Stored data:
########################################

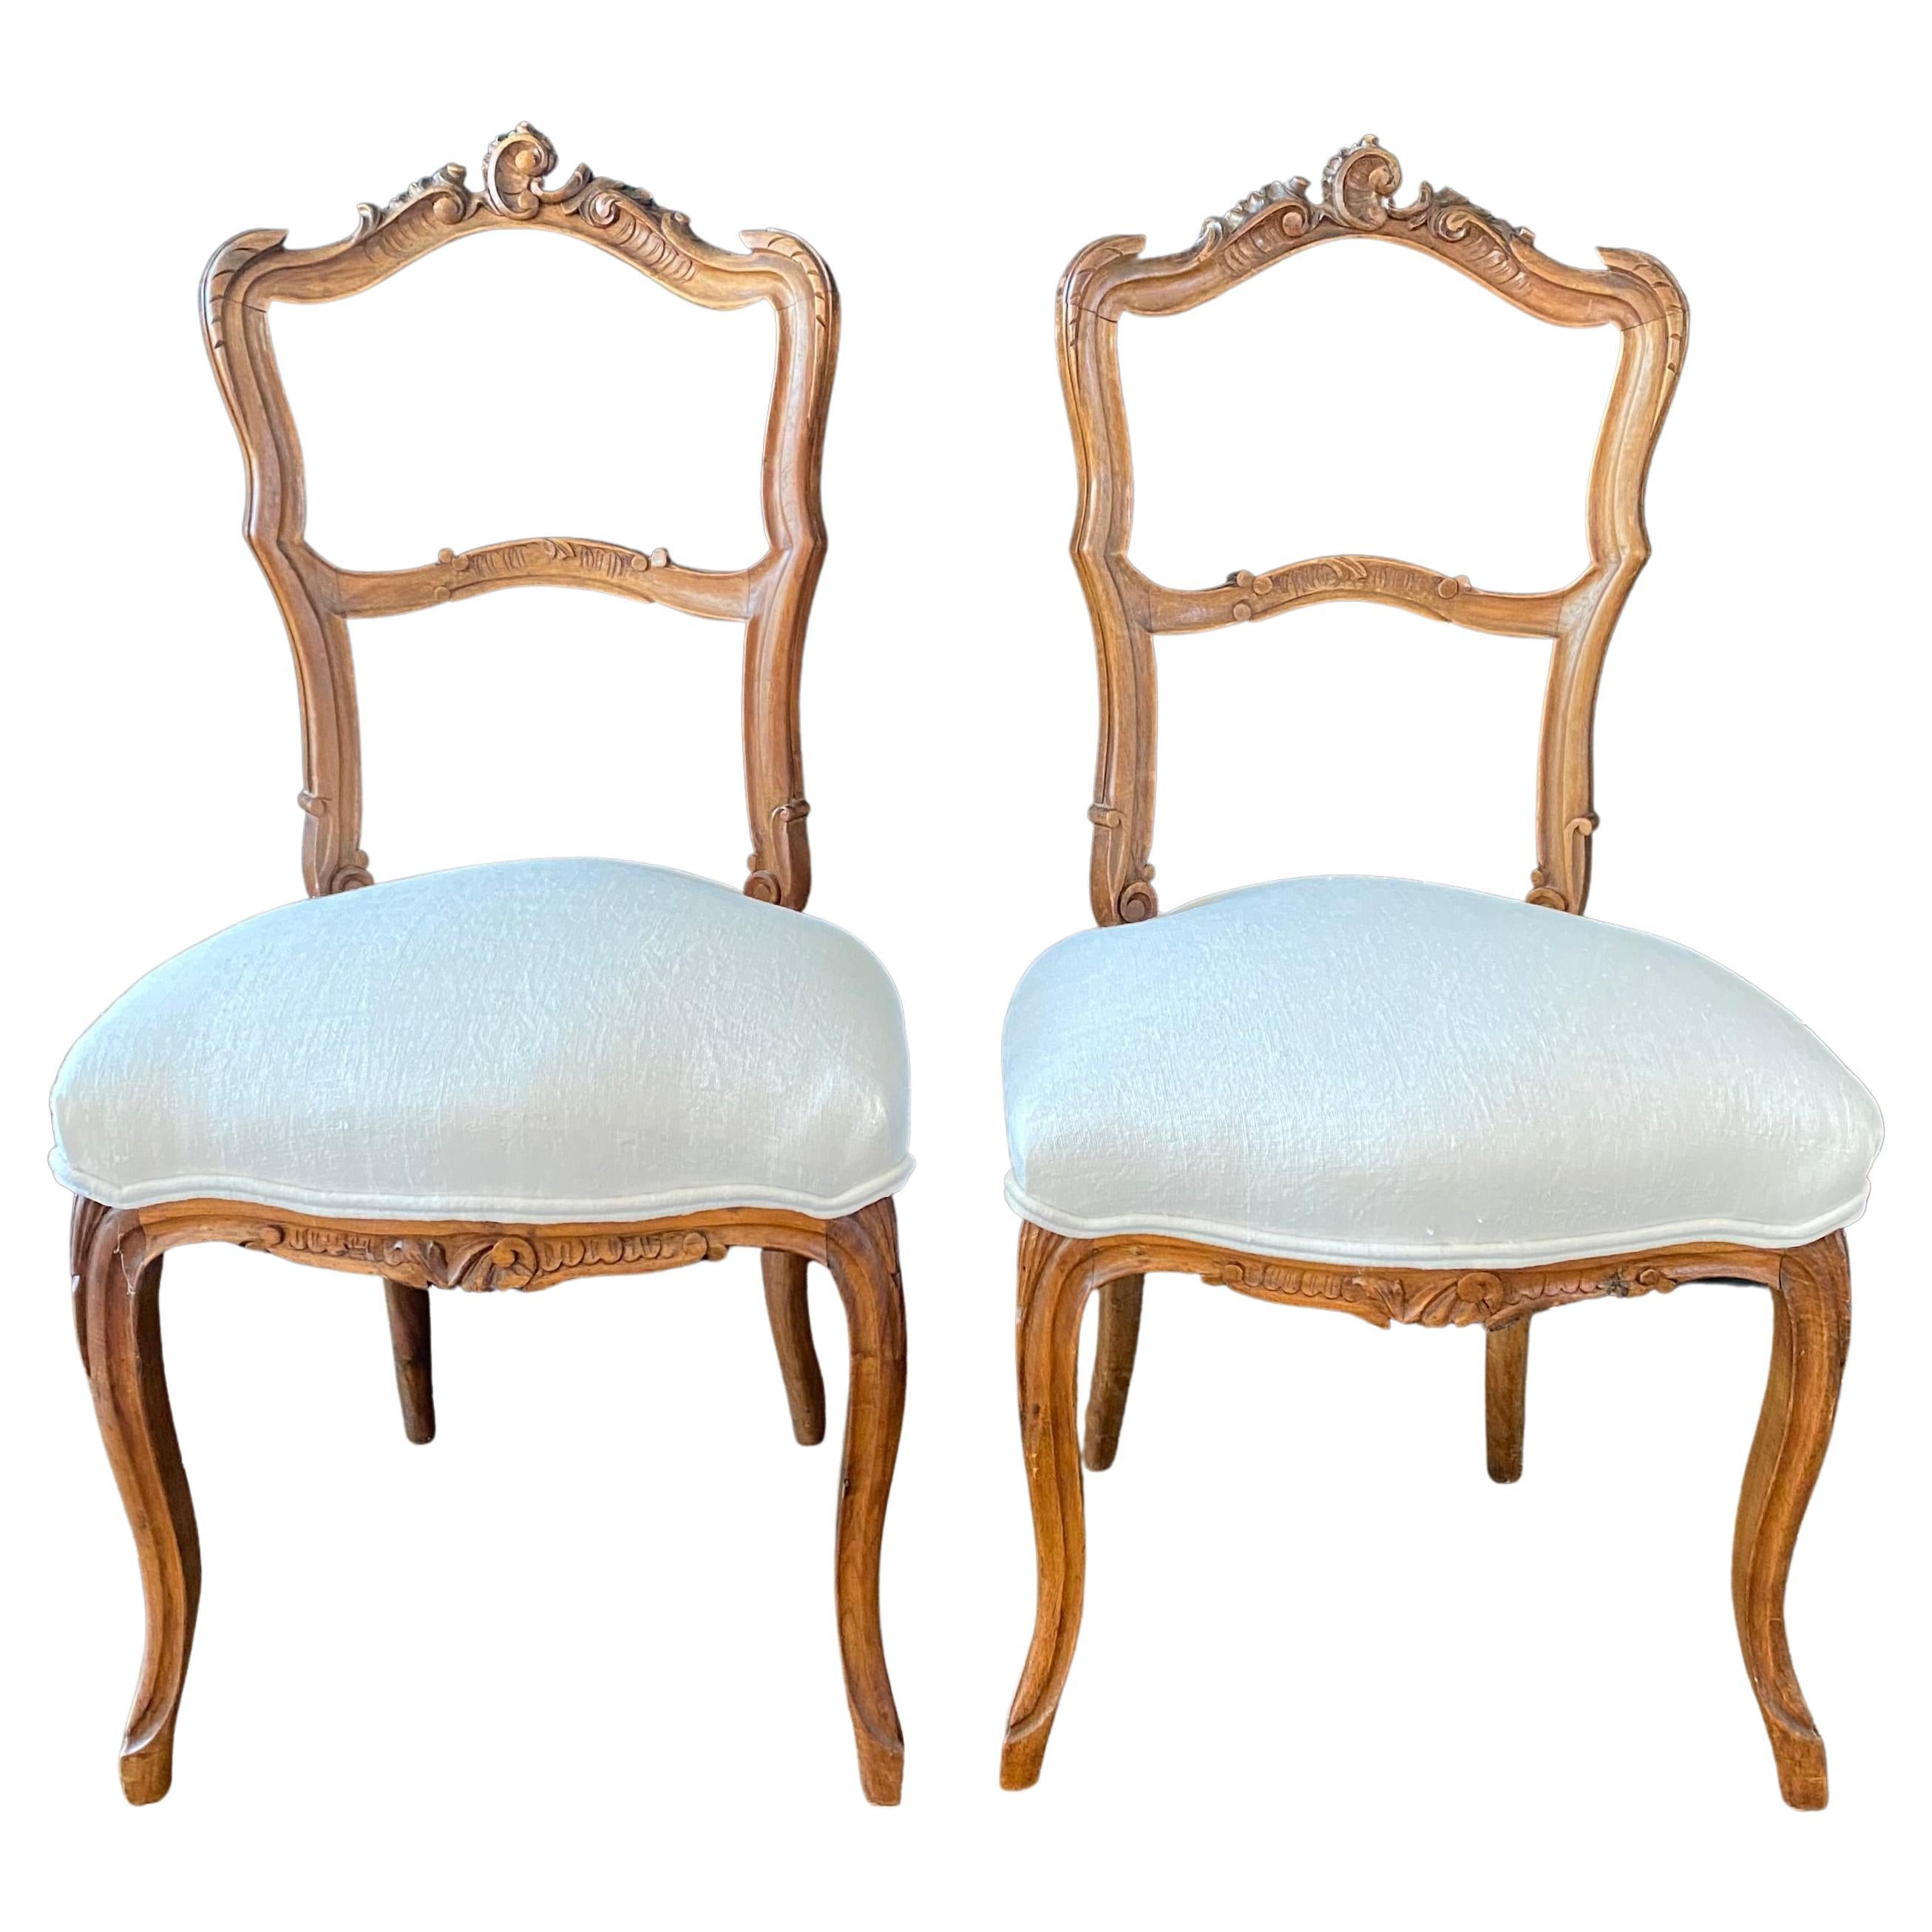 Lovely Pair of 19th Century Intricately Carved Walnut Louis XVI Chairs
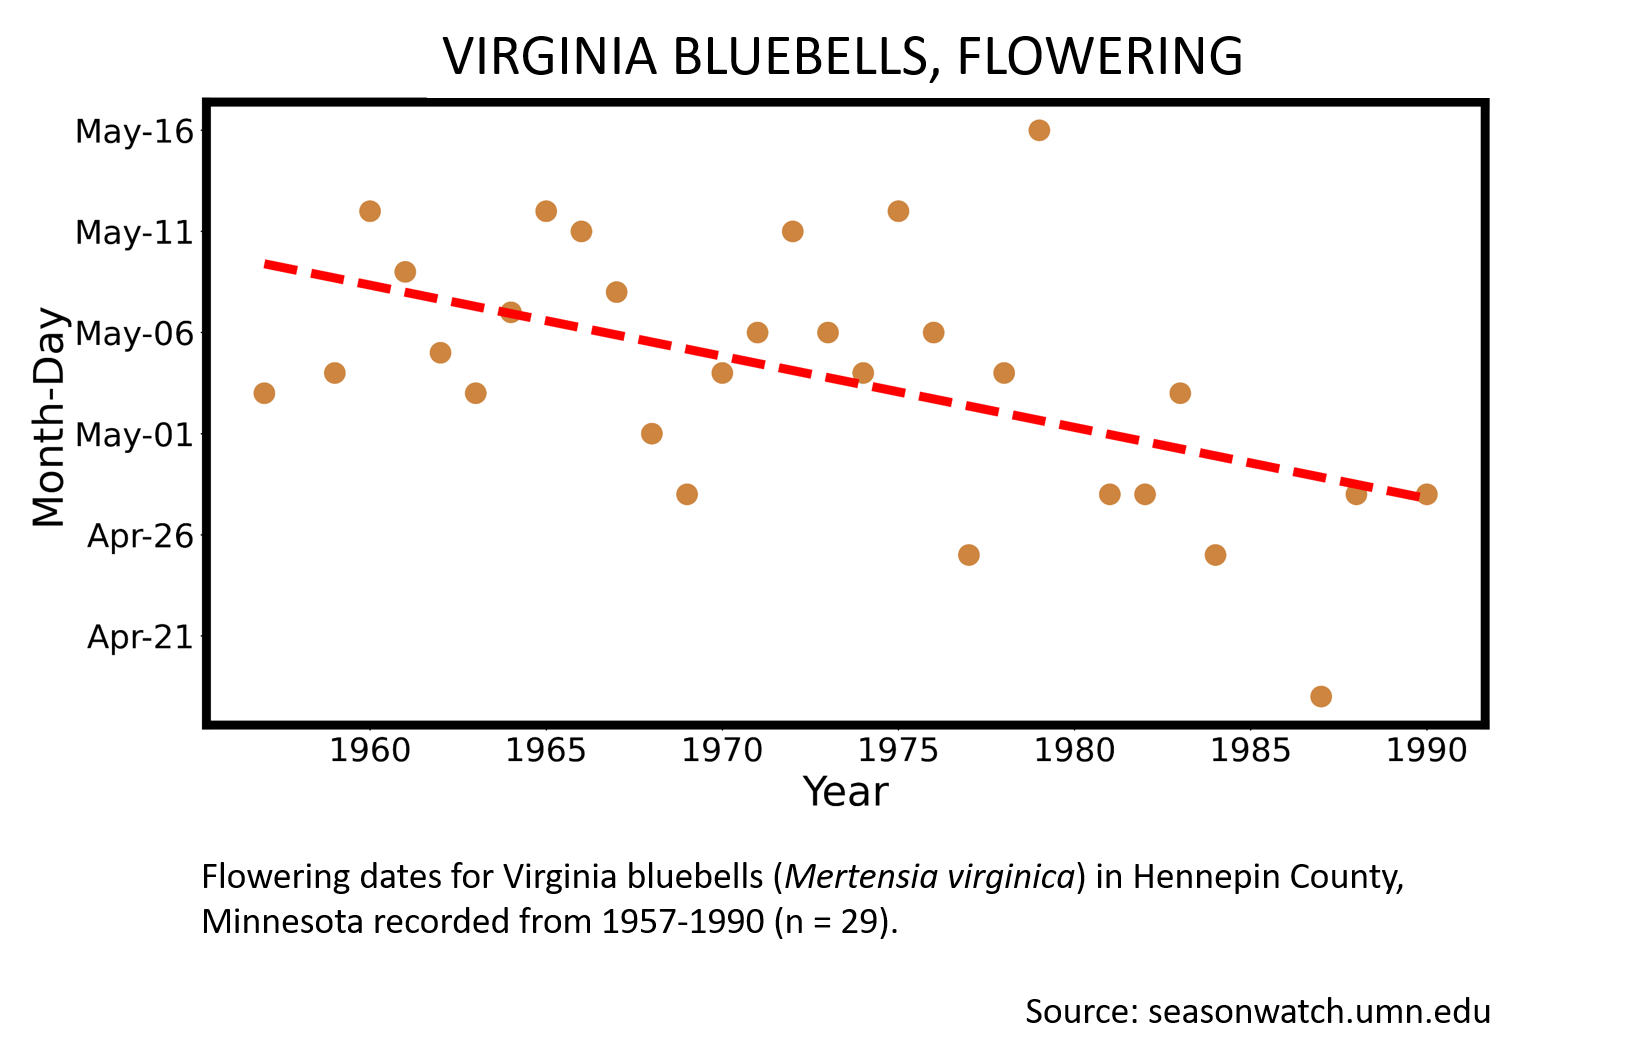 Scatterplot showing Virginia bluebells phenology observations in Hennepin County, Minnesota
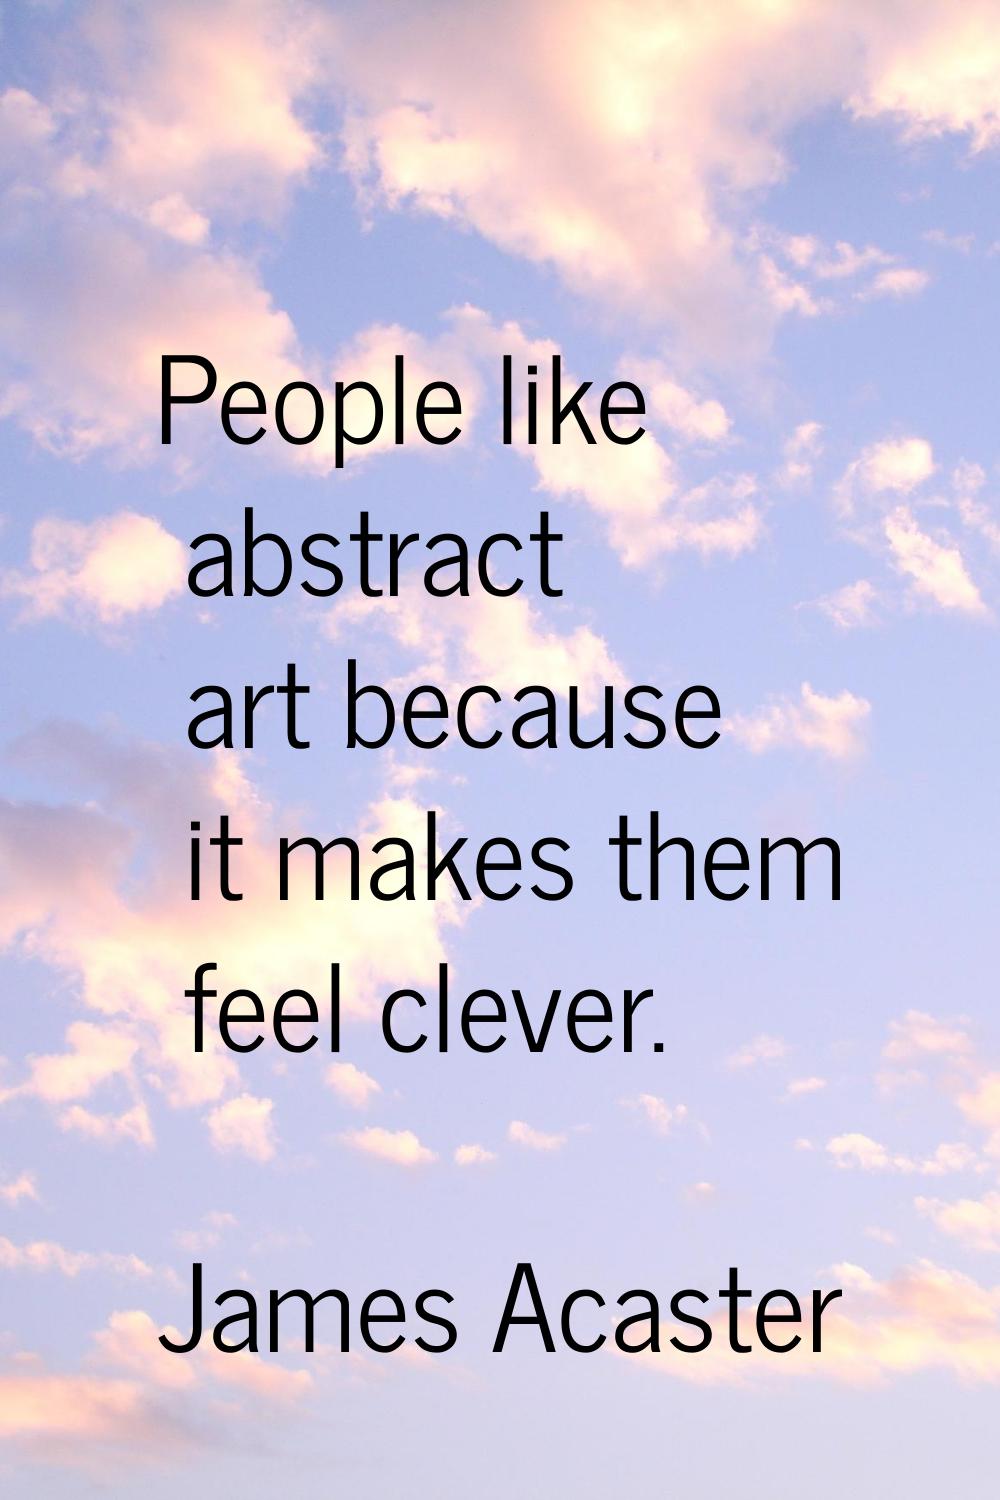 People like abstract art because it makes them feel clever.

########################################

Exercise aim:
No pictures should appear in the copy. Reproduce exactly the lines from the line containing "Scatterplot showing Virginia" through the last line of the data, inclusive.

Answer to this task:
 Scatterplot showing Virginia bluebells phenology observations in Hennepin County, Minnesota
 People like abstract art because it makes them feel clever.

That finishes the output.